ぺんぺん草

うたごころ*こども・・・語りつむぐことなど

ダウン症のこどもたち

2009-09-14 23:05:39 | 子育て
9月14日
雲の形も秋、空の青さも秋、畑も秋、身ほとりの秋を楽しみたいと思う一日でした。畑も大急ぎで、夏野菜の後片付けをし、土を返し肥料と腐葉土や籾がらを入れ今はもう大根の芽が出ています。黒い土と緑の双葉のコントラストがきれいな時期なのです。今年はニンジンに挑戦します。時無しニンジンが作りやすいとあり、15センチほどの丸っこいニンジンが収穫できるそうです。種をきれいに筋撒きし、かすかに芽がのぞいています。ホウレンソウも芽が出始めました。

あちこちに蝶々が飛び交い、そのうちにアオムシを退治する作業がやってきます。手でつかめない人はお箸を使いましょうとテレビ「野菜の時間」が伝えていました。薬剤を使用しないで無事に育てるには、見つけたら捕ること。コンパニオン野菜の利用もやろうと思います。夕方の畑はいつもの顔ぶれが集まって話が弾みます。そしてお互いに温かな気持ちを抱いて夕餉の支度に帰っていくのです。

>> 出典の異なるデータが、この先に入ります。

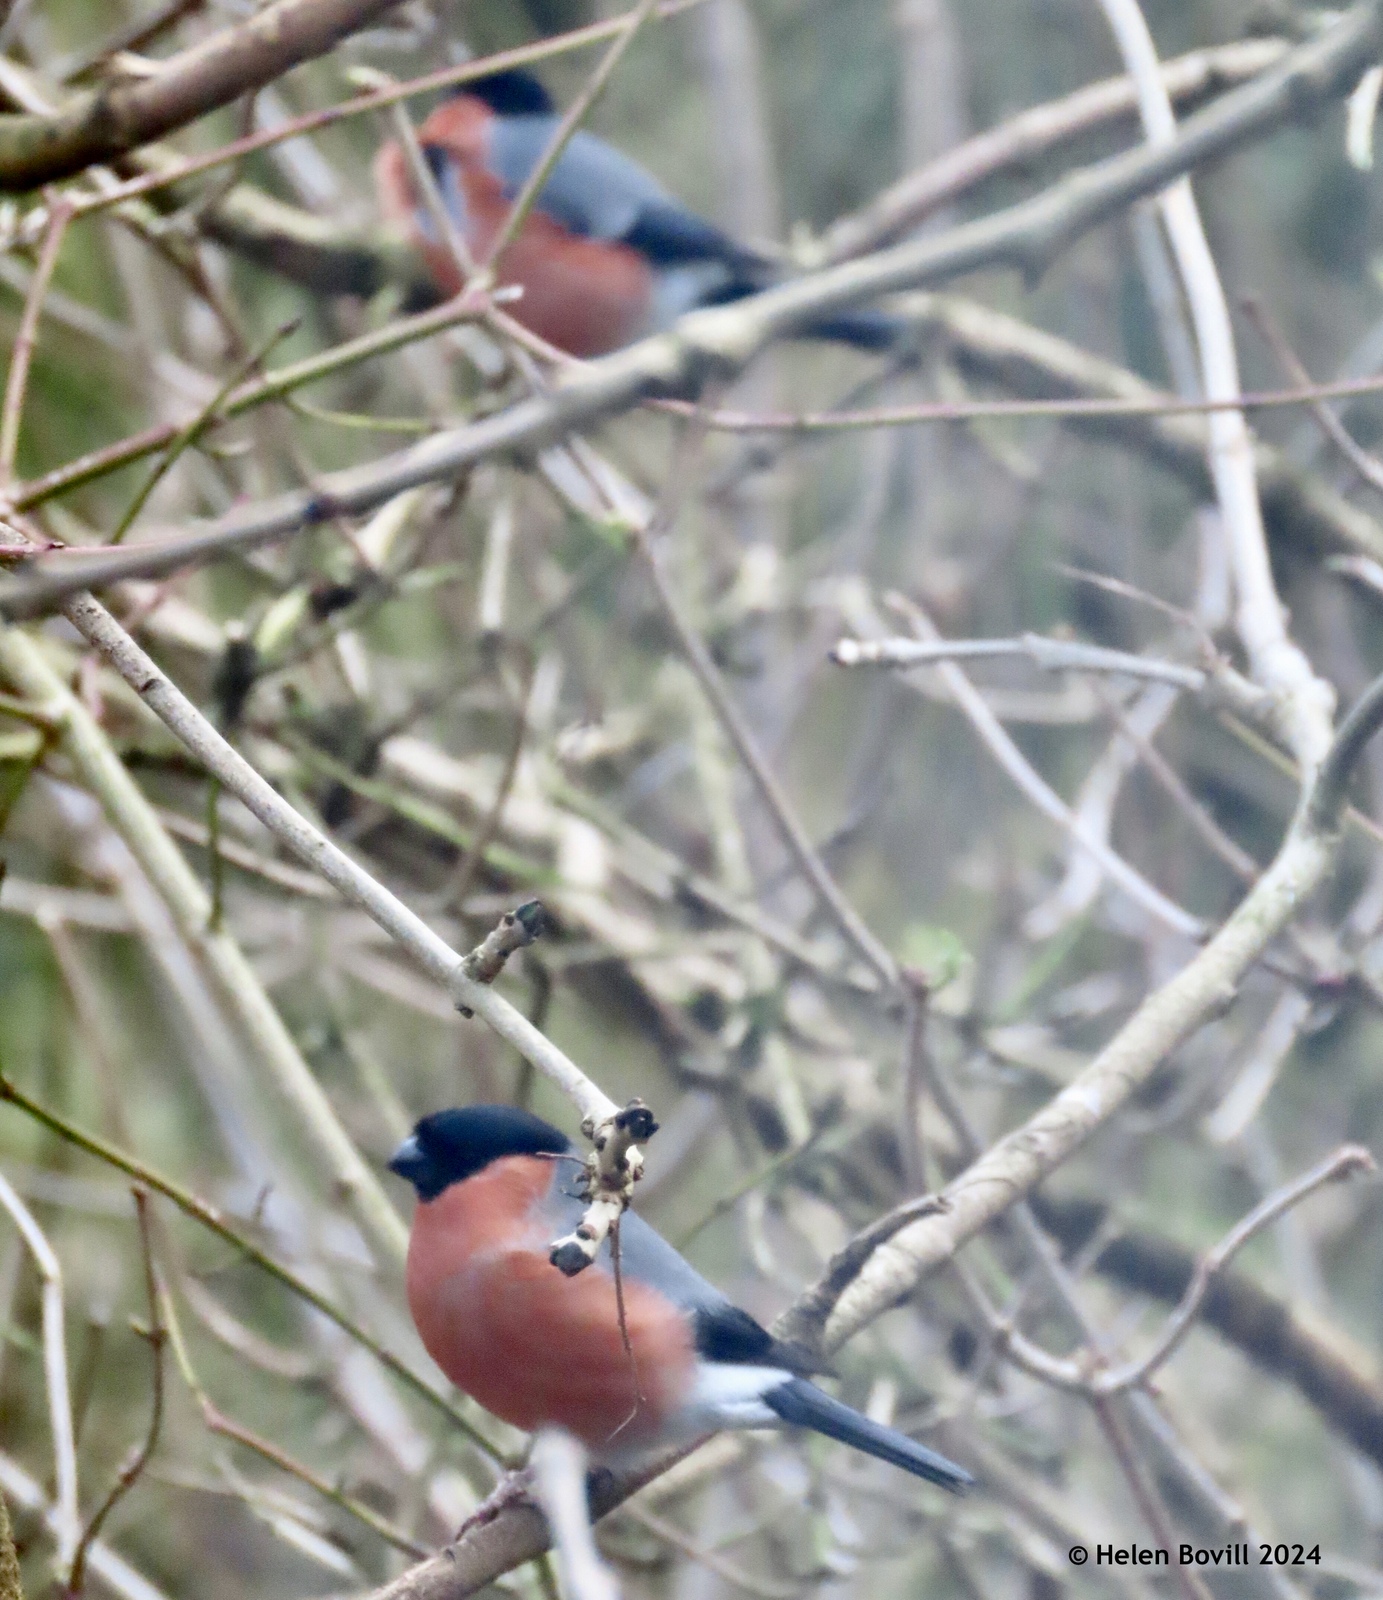 Two male bullfinches high up in the trees in the cemetery
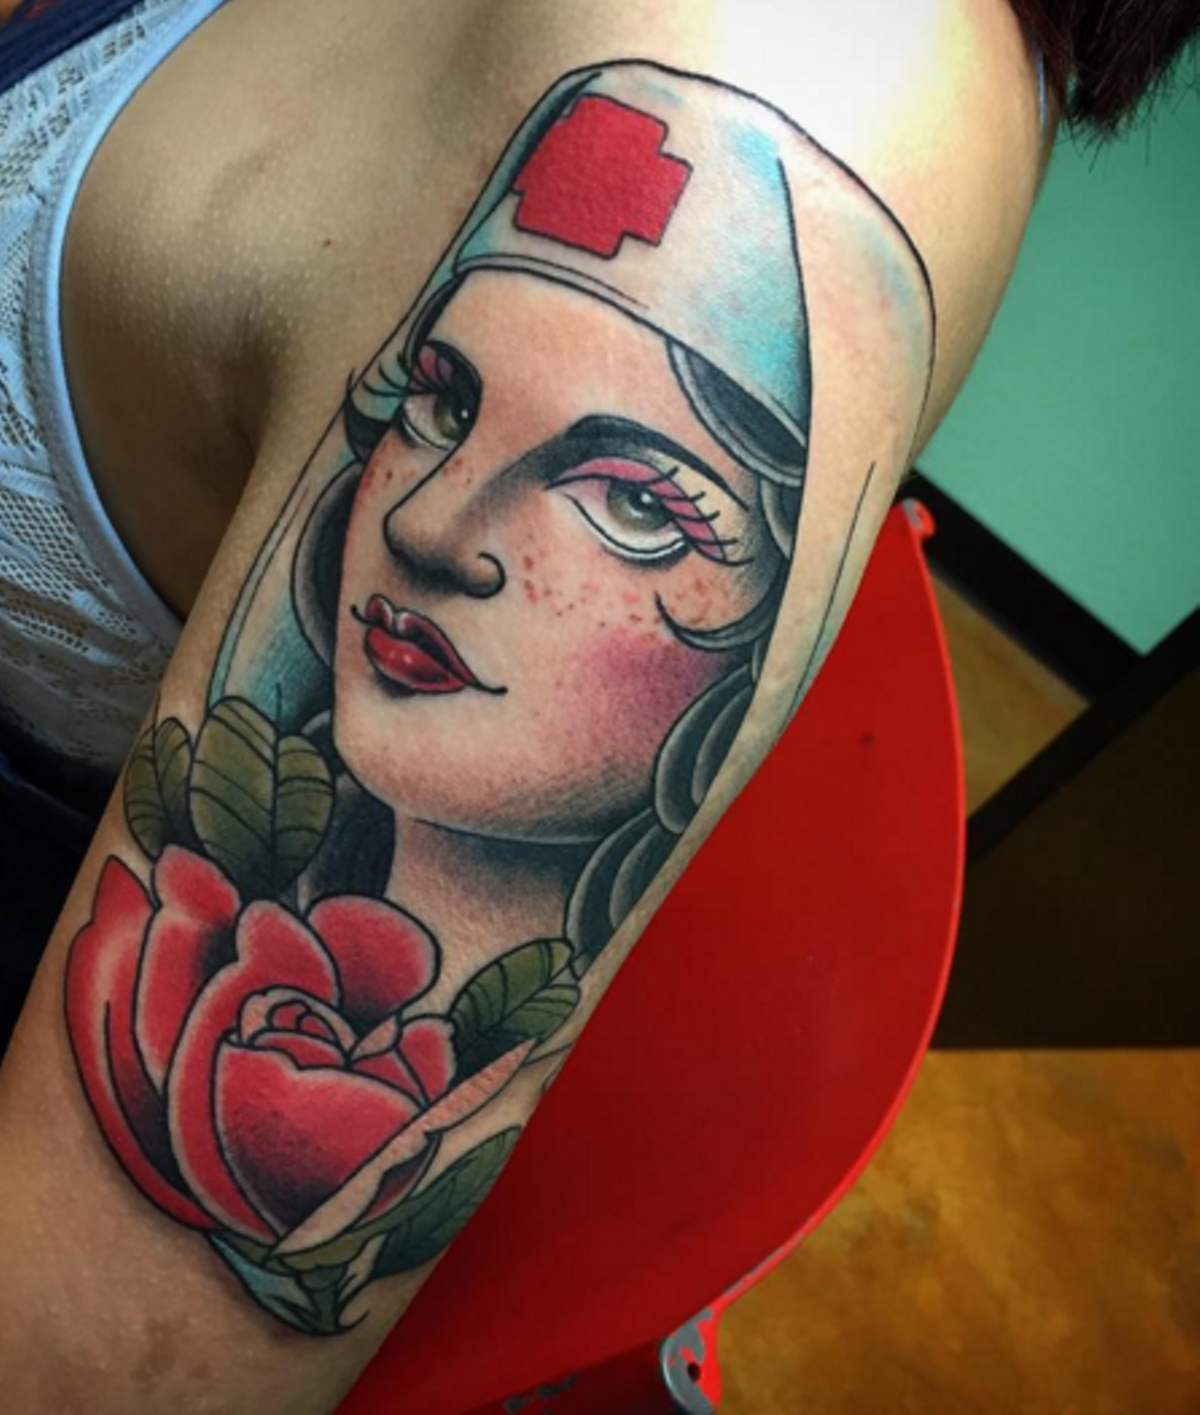 11 San Antonio Tattoo Artists You Should Be Following on Instagram
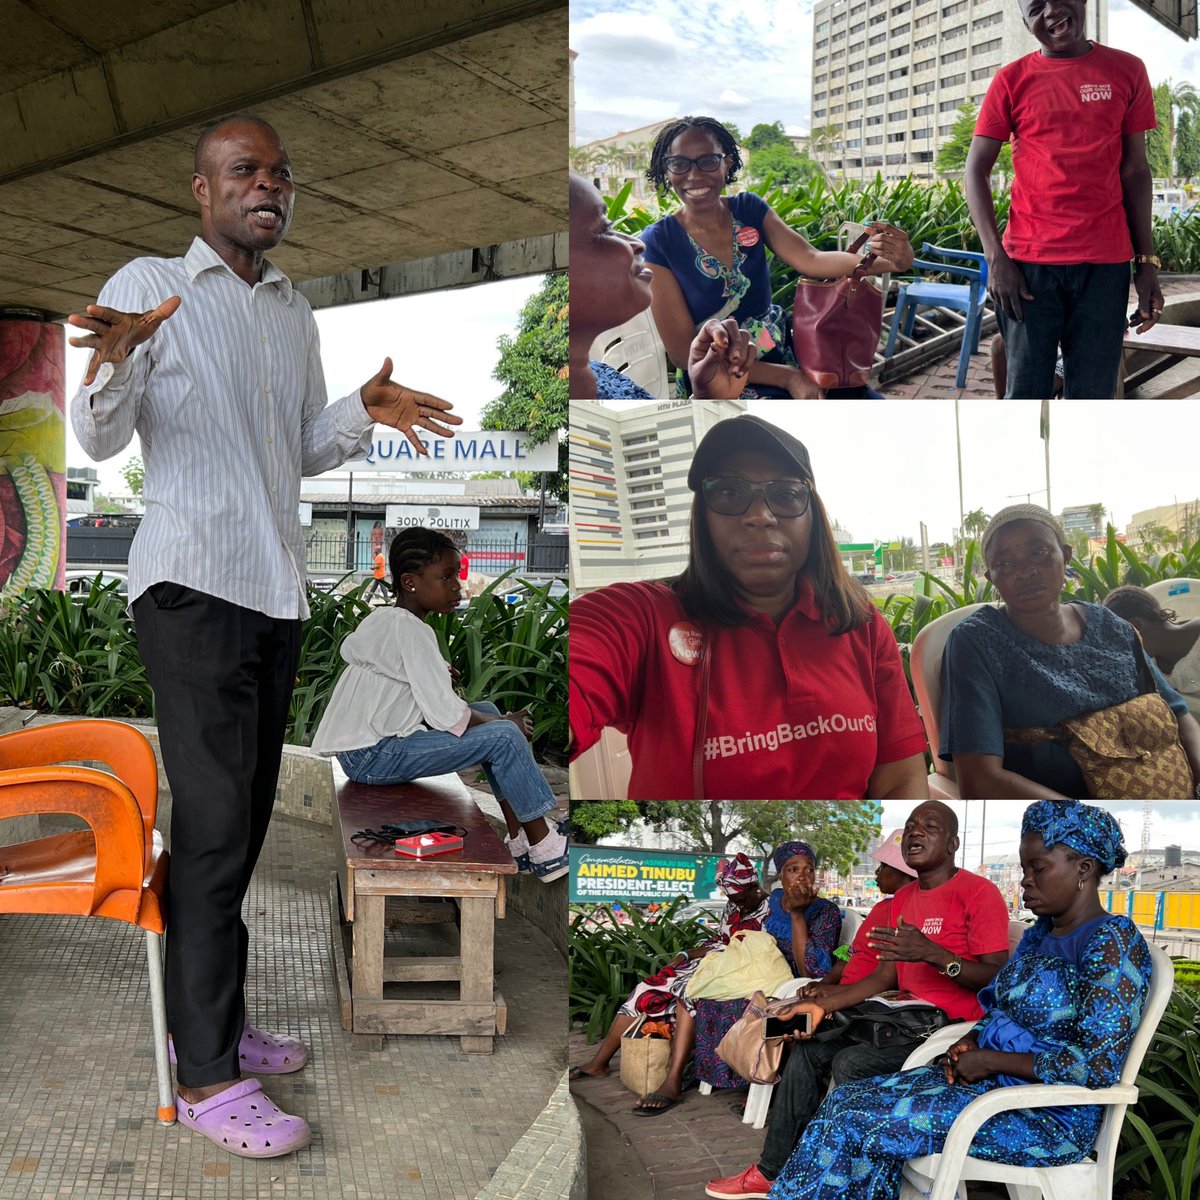 #BBOG Monday of @Cemepia_africa expressing confidence that the president-elect will bring our girls back. @naijama responded that @MBuhari still has time to rescue them before May29 handover. #HopeEndures #9years2long @EiENigeria

土曜日(12日)に久しぶりに「はな・はな」の皆と託児の仕事をしました。今年まちづくり事業に応募され、市の支援を受けることになった団体のお手伝いです。ダウン症の子どもを持つ親たちの集まりで、情報交換や講演会をされるため、その時に子どもたちの託児が必要となります。0歳から2歳までの子どもたち16人ほどが初めてお母さんから2時間も離れる経験をしました。さっとお昼ねしてくれた子、2時間ずっと抱かれてすごした子、おもちゃで遊べる子、おふとんに下ろすと目をさまして泣く子、ボランティアはみんな全力で対応です。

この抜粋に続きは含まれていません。